Workflow
YAML Files
Sources
dbt-osmosis will manage synchronizing your sources regardless of if you specify them in the vars.dbt-osmosis key your dbt_project.yml
or not. That key, as seen in the example below, only serves to declaratively tell dbt-osmosis where the source file should live.
The advantage of this approach is that you can use dbt-osmosis to manage your sources without having to scaffold the YAML file yourself. You simply add a key value to the dictionary in the vars.dbt-osmosis key and dbt-osmosis will create the YAML file for you on next execution. It also hardens it against changes that violate the declarative nature of dbt-osmosis since it will simply migrate the file back to its original state on next execution unless you explicitly change it.
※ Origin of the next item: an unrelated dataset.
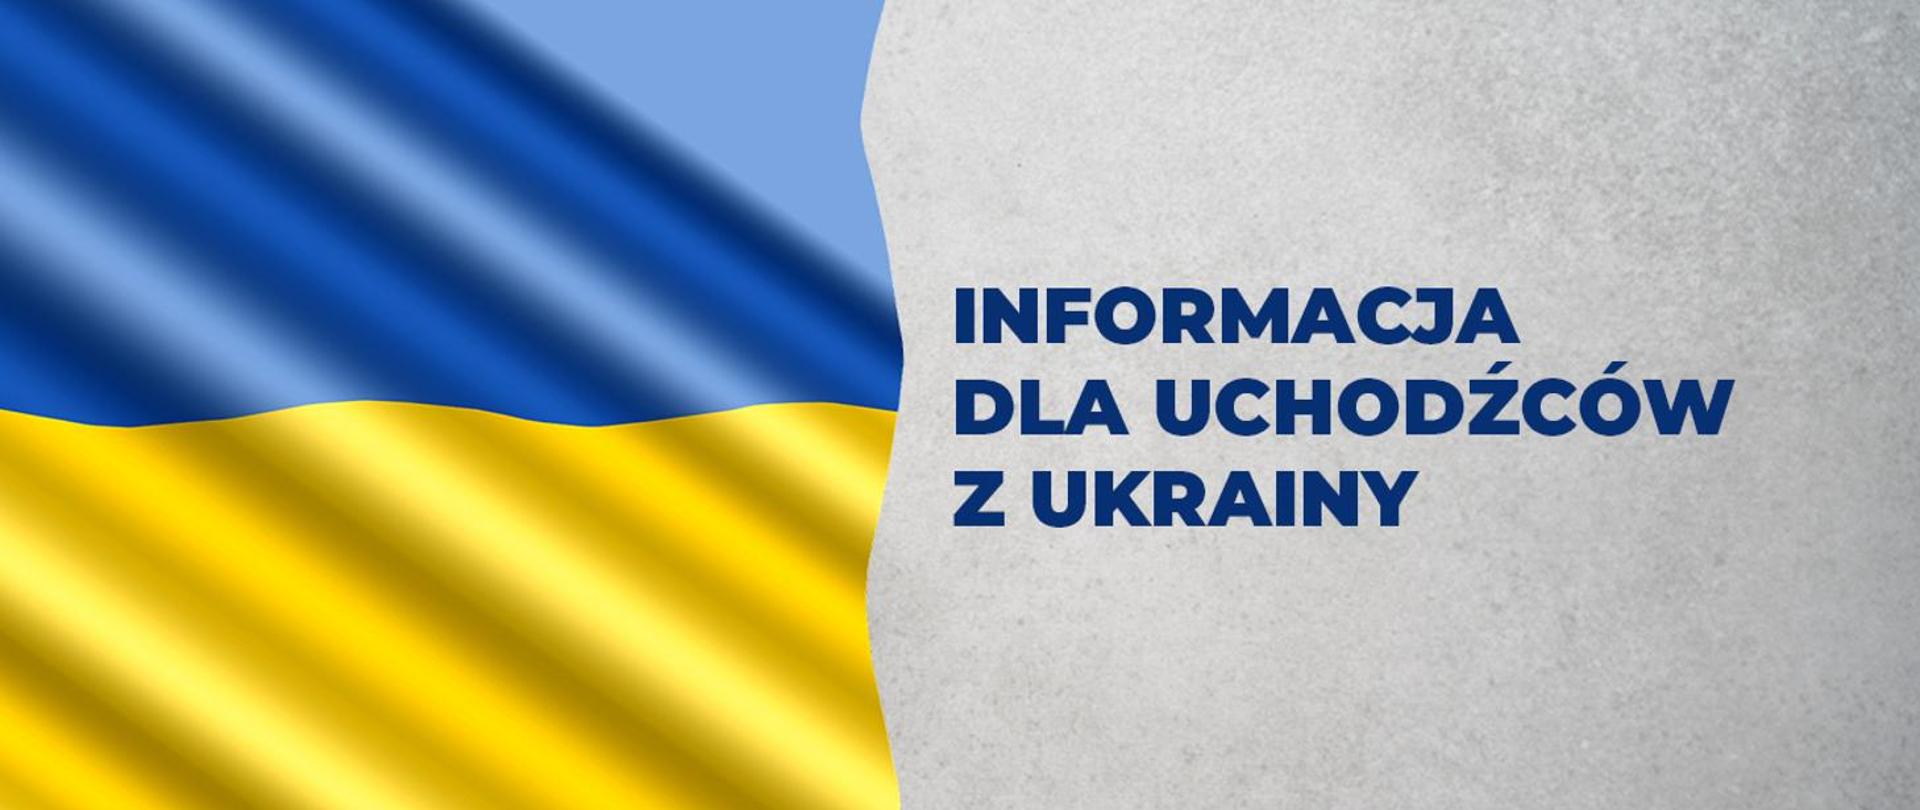 Informacja w sprawie pobytu w Polsce osób uciekających z Ukrainy
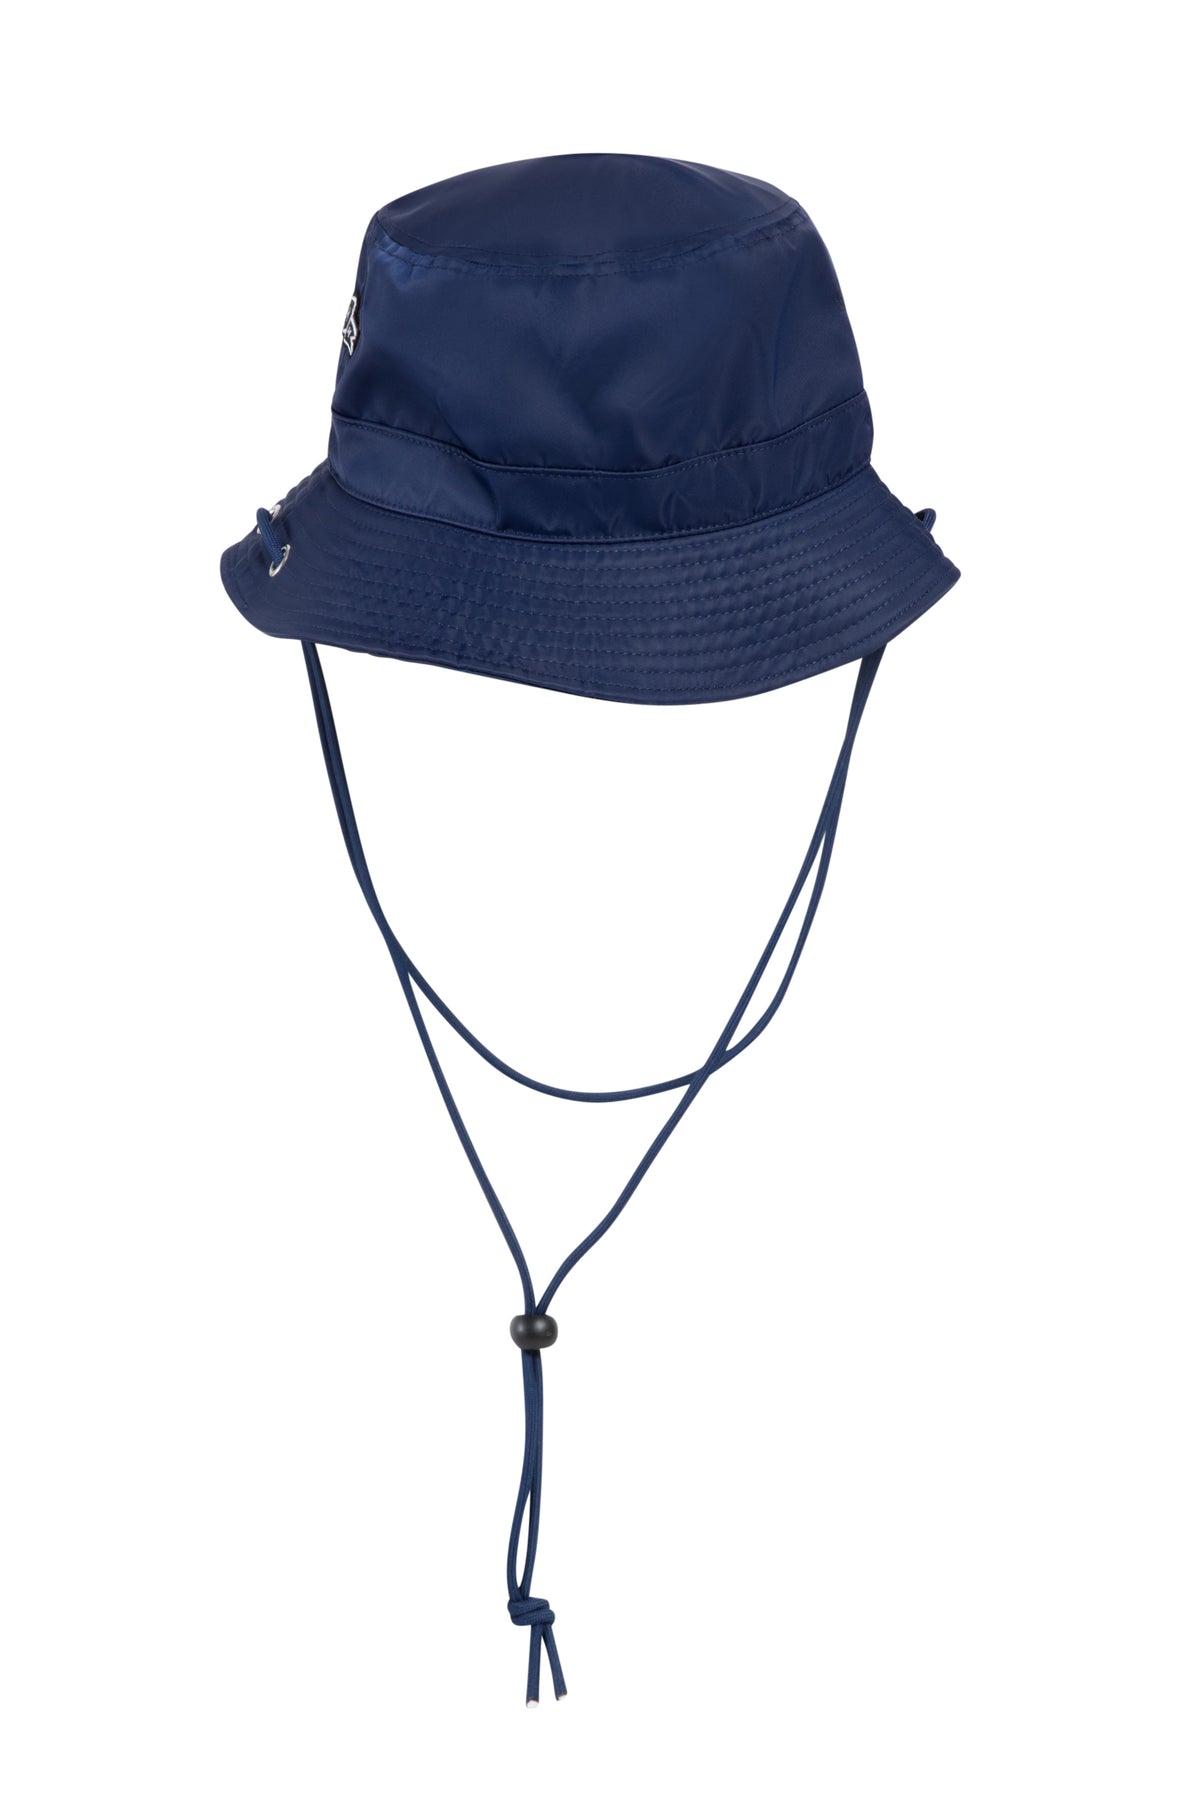 Penn State Waterproof Bucket Hat

As a reminder, the vars.dbt-osmosis key is a dictionary where the key is the name of the source and the value is the path to the YAML file. The path is relative to the root of your dbt project models directory.
vars:
dbt-osmosis:
<source_name>: <path>
<source_name>:
path: <path>
schema: <schema>
There is no need to specify the schema if it matches the source name. dbt-osmosis will assume that the schema is the same as the source name if the schema key is not specified. You can have multiple sources pointing at the same file if you like if you want them to all live there, but you cannot have multiple sources with the same name. The dictionary implicitly enforces this.
Models
dbt-osmosis will manage synchronizing your models, but it is required it knows what to do with them. This is done by specifying the +dbt-osmosis
configuration at various levels of the hierarchy in the configuration file. These levels match your folder structure exactly. It helps to be familiar with how dbt configuration works. It makes grokking this section extremely easy.
models:
<your_project_name>:
+dbt-osmosis: <path>
<staging_dir>:
+dbt-osmosis: <path>
<intermediate_dir>:
+dbt-osmosis: <path>
<some_other_dir>:
+dbt-osmosis: <path>
<some_nested_dir>:
+dbt-osmosis: <path>
Running dbt-osmosis
I will step through 3 ways to run dbt-osmosis. These are not mutually exclusive. You can use any combination of these approaches to get the most out of dbt-osmosis. They are ordered based on the amount of effort required to get started and by the overall scalability as model count increases.
On-demand ⭐️
The easiest way to take advantage of dbt-osmosis is to run it periodically. This simply takes aligment from the development team on the configuration / rules and then a single developer can run it and commit the changes if they like them. This can be done weekly, monthly, quarterly, etc. It is up to the team to decide how often they want to run it. This is by far the simplest as a single execution provides significant value. (this is what I do today)
Pre-commit hook ⭐️⭐️
We now include a pre-commit hook for dbt-osmosis! This is a great way to keep documentation up to date. It will only run on models that have changed.
repos:
- repo: https://github.com/z3z1ma/dbt-osmosis
rev: v0.11.11 # verify the latest version
hooks:
- id: dbt-osmosis
files: ^models/
# you'd normally run this against your prod target, you can use any target though
args: [--target=prod]
additional_dependencies: [dbt-<adapter>]
CI/CD ⭐️⭐️⭐️
You can also run dbt-osmosis as part of your CI/CD pipeline. The best way to do this is to simply clone the repo, run dbt-osmosis, and then commit the changes. Preferably, you would do this in a separate branch and then open a PR. This is the most robust approach since it ensures that the changes are reviewed and approved by a human before they are merged into the main branch whilst taking the load off of developer machines.
# this only exists to provide color, in the future we may add a preconfigured GHA to do this
git clone https://github.com/my-org/my-dbt-project.git
git checkout -b dbt-osmosis-refactor
dbt-osmosis yaml refactor --target=prod
git commit -am “✨ Refactor yaml files”
git push origin -f
gh pr create